Разговор в таком духе продолжался бы, наверное, еще долго, если бы Венька вдруг не спросил:

 — А ты куда едешь-то?

 — Домой… куда еще в такое-то время?

Только тут Женька опомнилась, хлопнув себя по коленке:

 — Елки зеленые, я же пересаживаться должна была у Таксопарка! Вот же, привыкла жить на конечных остановках, когда не опасаешься свою проехать!

 — А что, вы переехали?

 — Ну да, как родители развелись…

Они разом замолчали, коснувшись неудобной темы.

 — Ладно, мне теперь обратно ехать надо, буду выходить, — сказала, наконец Женька.

 — Да я тоже, — откликнулся Венька — я здесь рядом живу.

Они стали протискиваться к дверям, и в это время кто-то наступил Женьке на ногу. У нее даже не появилось мысли разобраться, кто именно: замерзшие пальцы ног и так болели нещадно, новая боль залила все перед глазами черной тушью и украсила свое творение яркими мерцающими огоньками. Женька потеряла все ориентиры, так что следующие несколько мгновений двигалась исключительно по инерции, едва не выпав из дверей на Веньку, подававшего ей руку. Из глаз ее брызнули слезы.

 — Что с тобой? Что случилось? — встревоженно спросил Венька оттаскивая ее из толпы, стремящейся в обратном направлении.

 — Ннни-чего, просто мне кто-то на ногу наступил… — ответила Женька переводя дух

 — Ты идти-то сможешь?

 — Конечно, что ж мне, первый раз что ли? Такое случается… Аауч! — она вдруг вскрикнула и потянула сквозь зубы воздух, наступив на больную ногу. Венька едва успел удержать, чтобы она не упала.

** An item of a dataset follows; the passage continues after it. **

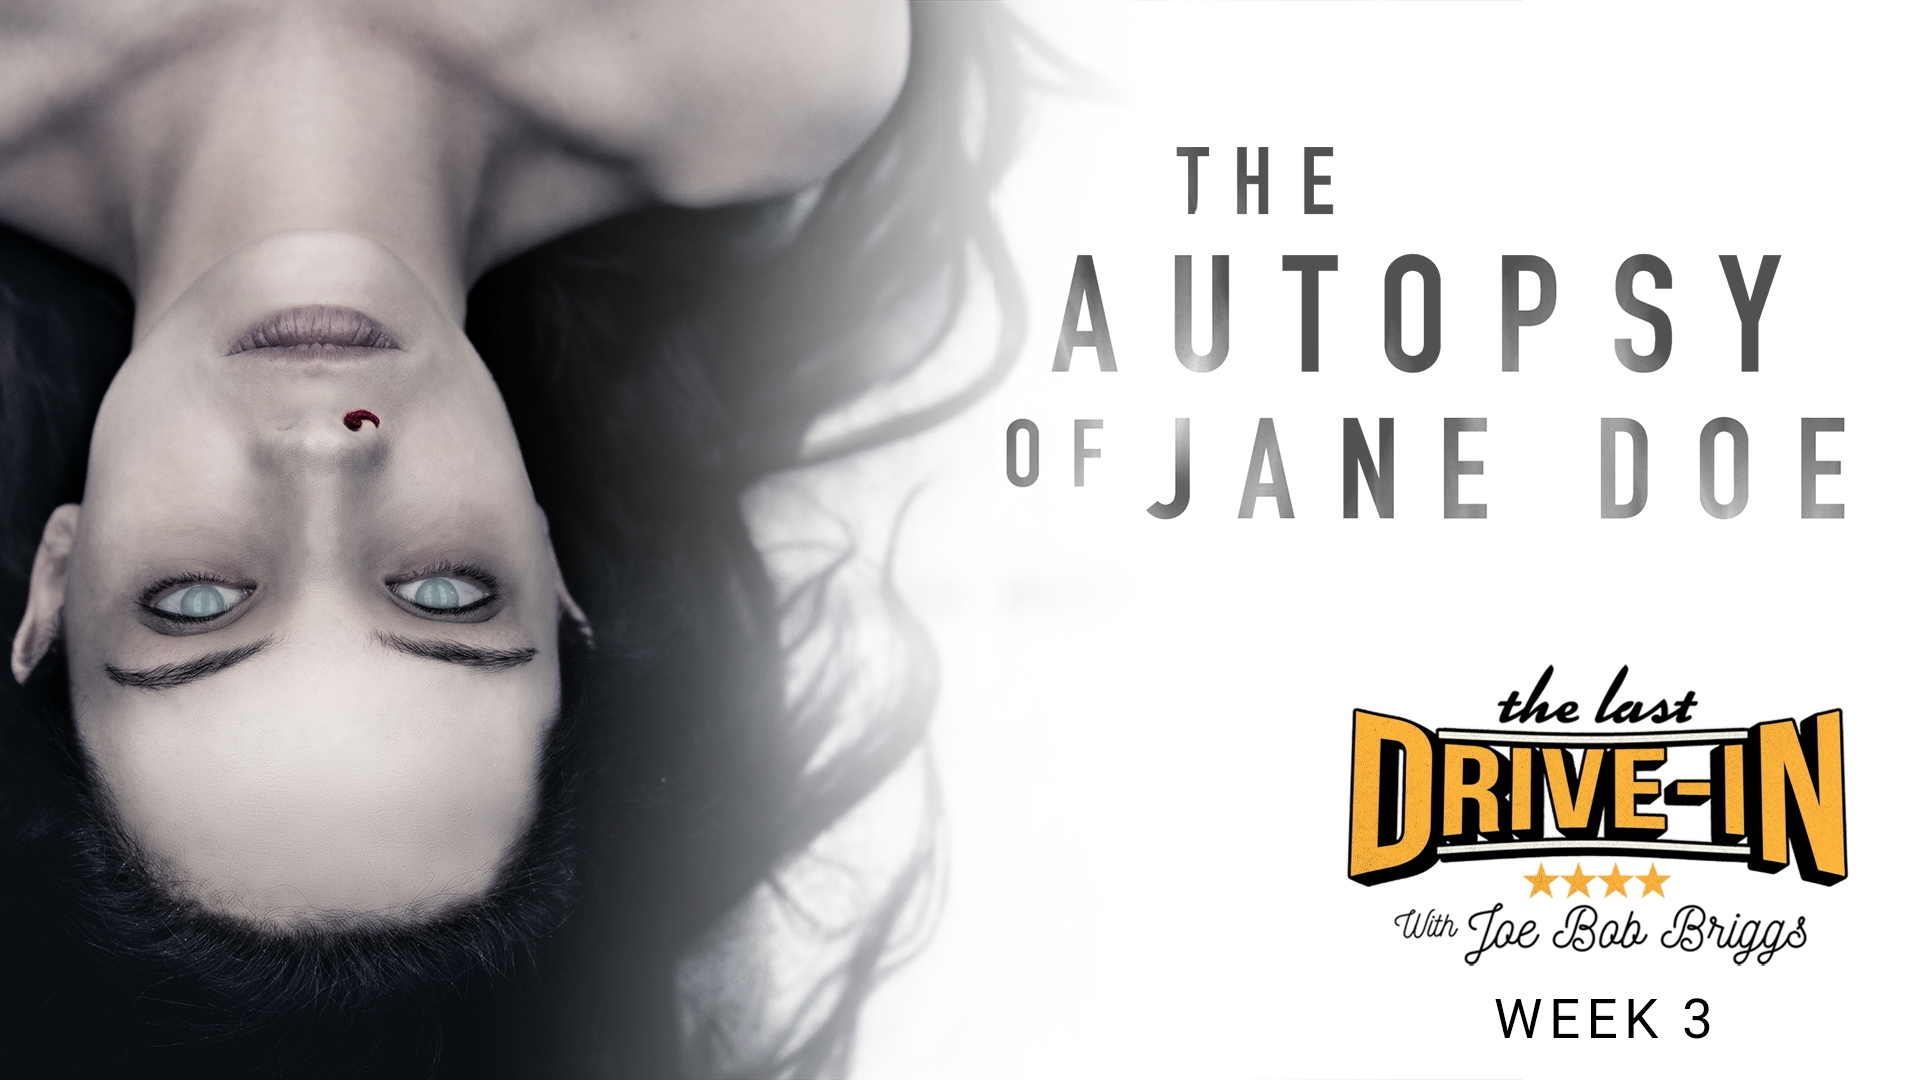 The Autopsy of Jane Doe, An unidentified corpse may not actually be dead., TV-MA, Season 1067704, Episode 3
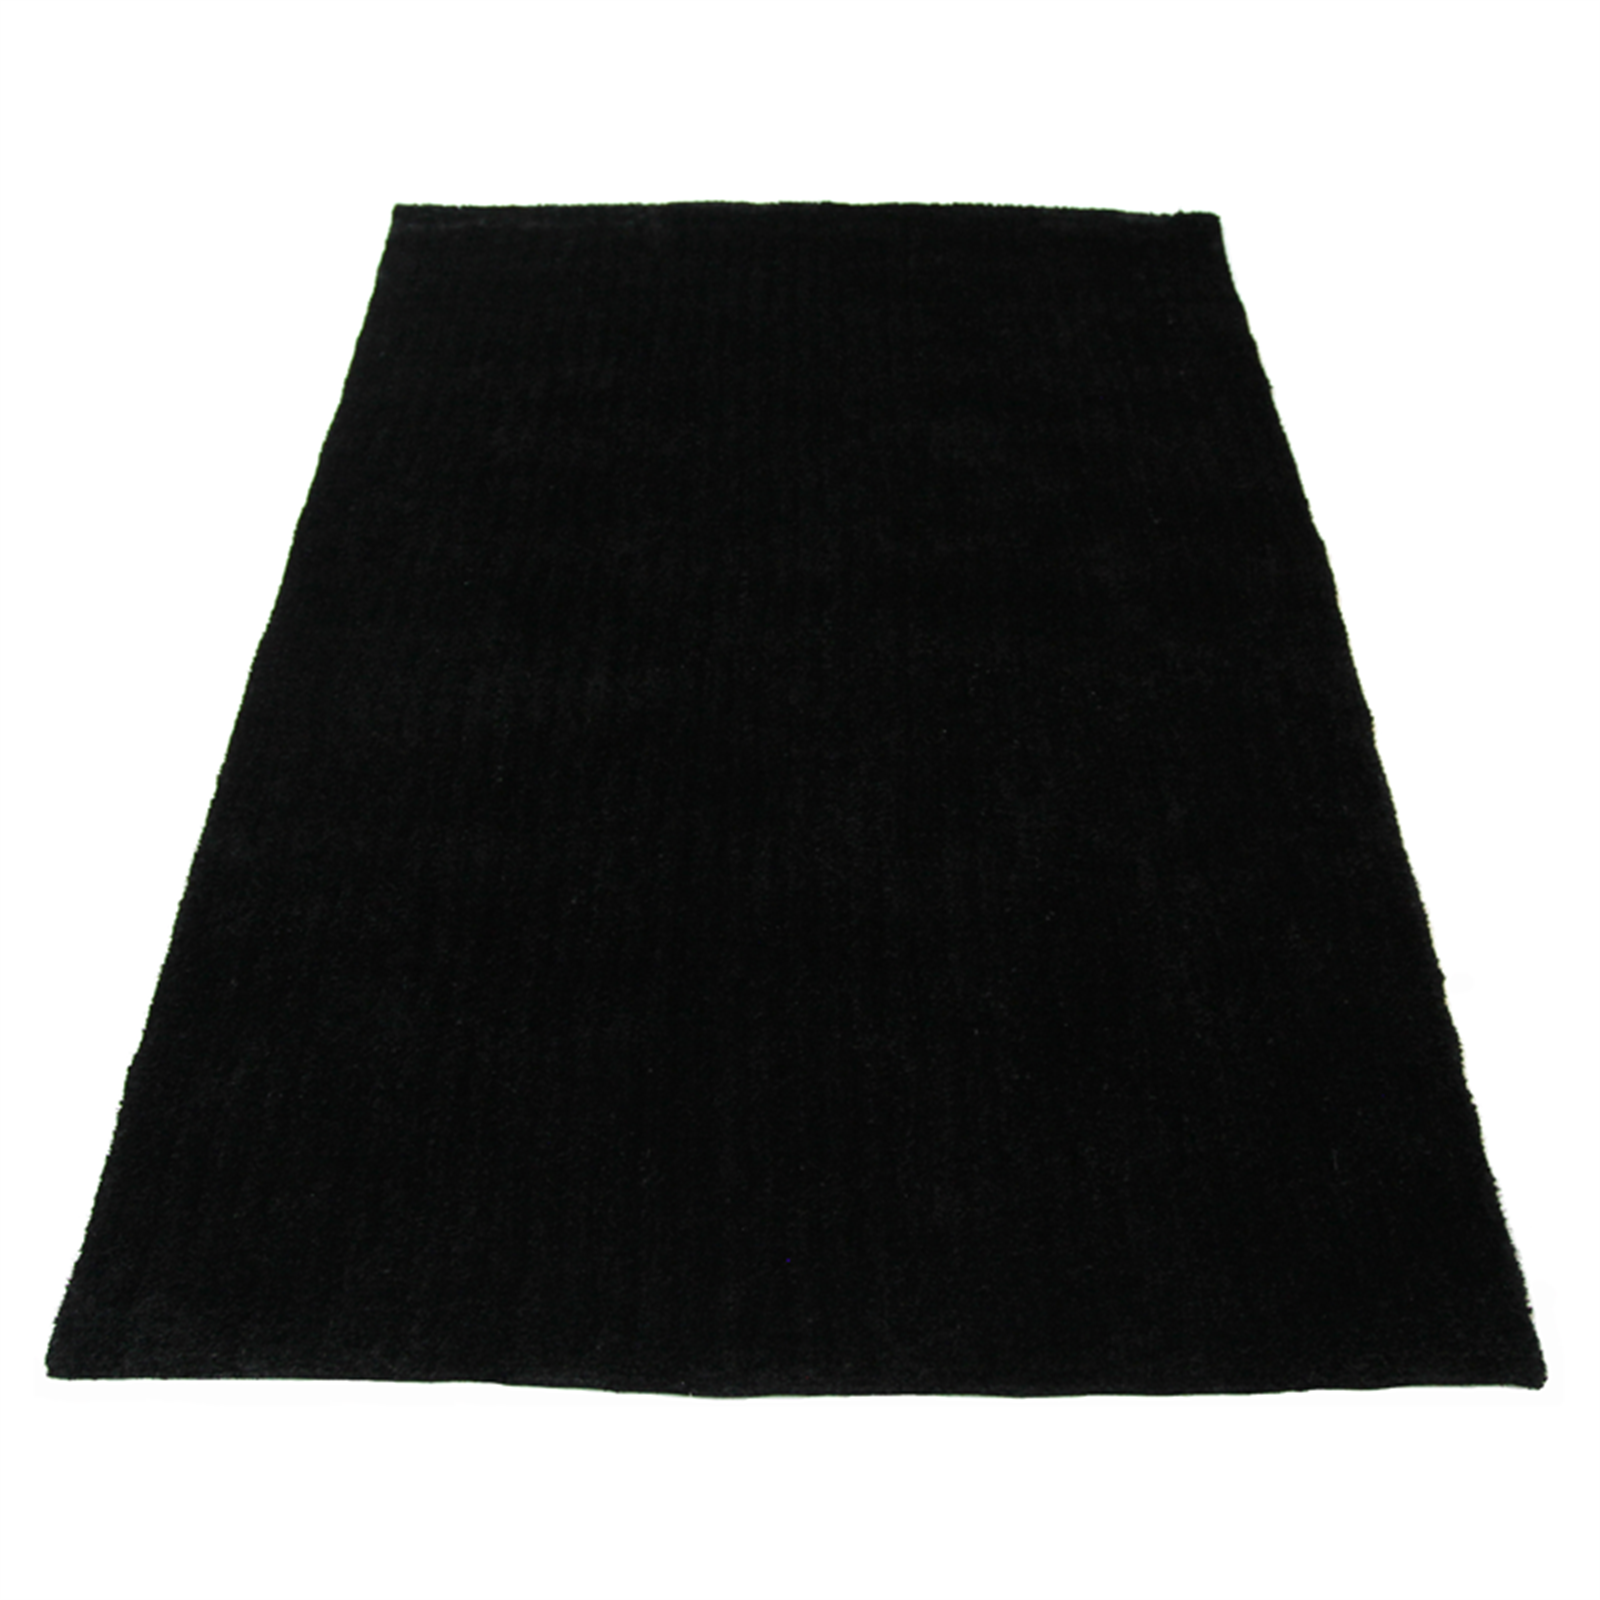 The Estate Collection 160 x 230cm Black Berlin Rug

 — Ну вот что, — Венька глянул на часы, — пойдем-ка ко мне, а потом я тебя провожу. Мне через полчаса должны позвонить, так что я пока должен быть дома. Надеюсь ты не торопишься? Заодно и согреешся.

Пожалуй, последний довод был самым убедительным, потому что именно после него Женька раздумывала отказываться. Венька приказал ей опереться на его руку и они отправились к нему домой.


Открыв дверь своей квартиры, Венька включил свет в коридоре и пропустил Женьку вперед.

 — Раздевайся и проходи… Я сейчас быстренько чай поставлю.

Он скинул свою куртку и ботинки и прошел дальше, а Женька тщетно пыталась расстегнуть змейку на своей непослушными с мороза пальцами.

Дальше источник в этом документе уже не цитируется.